Quantification of discrete behavioral components of the MDS-UPDRS

J Clin Neurosci. 2019 Mar:61:174-179. doi: 10.1016/j.jocn.2018.10.043. Epub 2018 Oct 29.

Abstract

Introduction: The Movement Disorder Society's Unified Parkinson's Disease Rating Scale (MDS-UPDRS) is the current gold standard means of assessing disease state in Parkinson's disease (PD). Objective measures in the form of wearable sensors have the potential to improve our ability to monitor symptomology in PD, but numerous methodological challenges remain, including integration into the MDS-UPDRS. We applied a structured video coding scheme to temporally quantify clinical, scripted, motor tasks in the MDS-UPDRS for the alignment and integration of objective measures collected in parallel.

Methods: 25 PD subjects completed two video-recorded MDS-UPDRS administrations. Visual cues of task performance reliably identifiable in video recordings were used to construct a structured video coding scheme. Postural transitions were also defined and coded. Videos were independently coded by two trained non-expert coders and a third expert coder to derive indices of inter-rater agreement.
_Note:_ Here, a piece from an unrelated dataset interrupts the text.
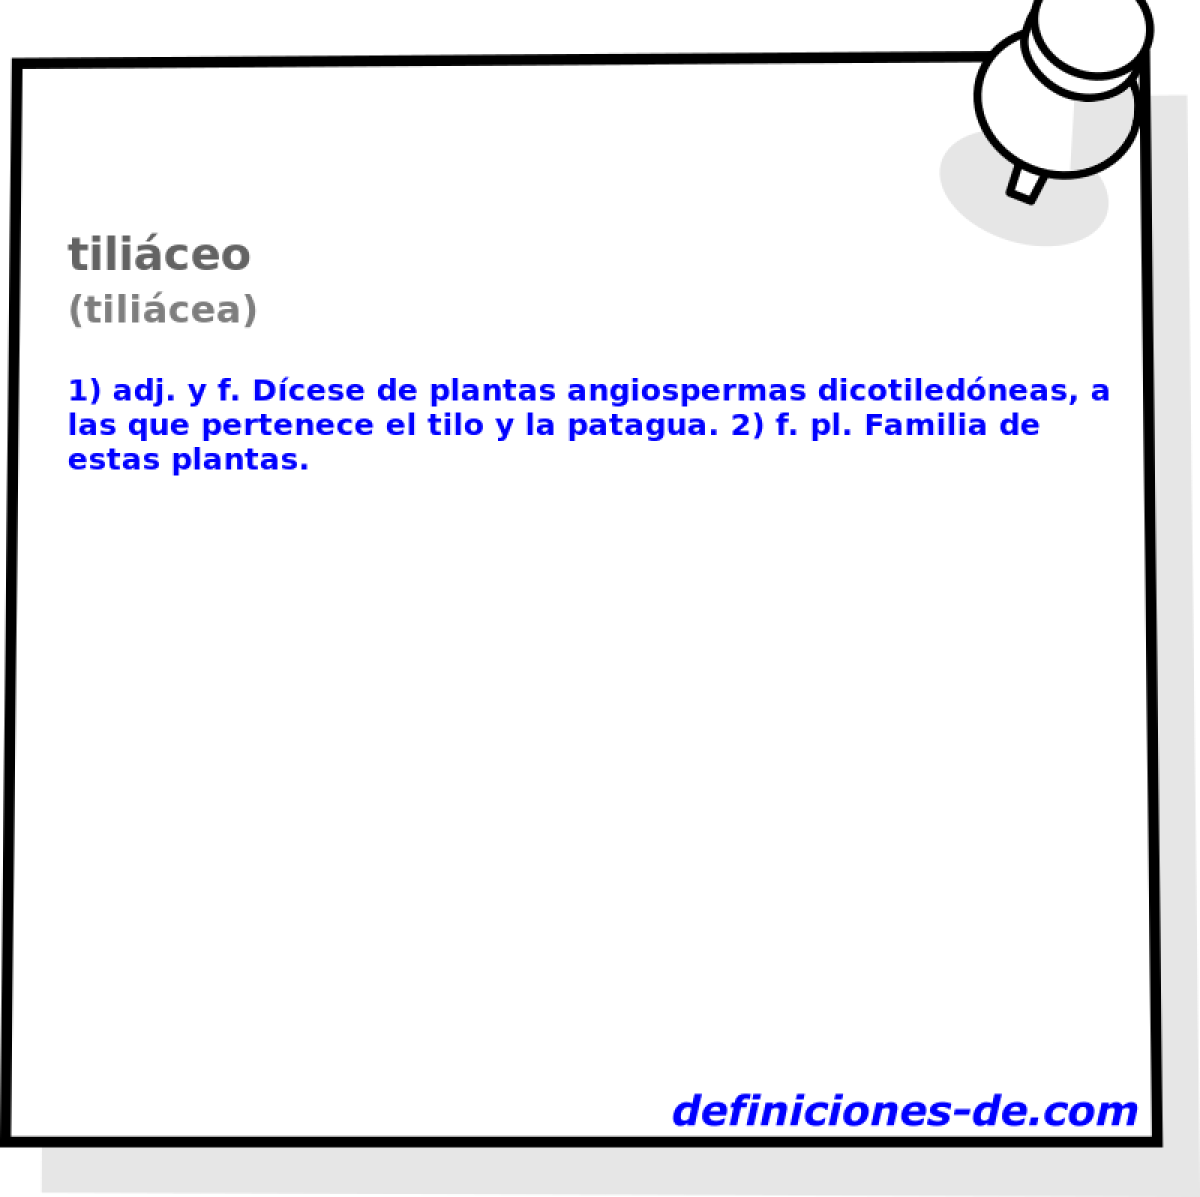 tiliceo (tilicea)

Results: 50 videos of MDS-UPDRS performance were fully coded. Non-expert coders achieved a high level of agreement (Cohen's κ > 0.8) on all postural transitions and scripted motor tasks except for Postural Stability (κ = 0.617); this level of agreement was largely maintained even when more stringent thresholds for agreement were applied. Durations coded by non-expert coders and expert coders were significantly different (p < 0.05) for only Postural Stability and Rigidity, Left Upper Limb.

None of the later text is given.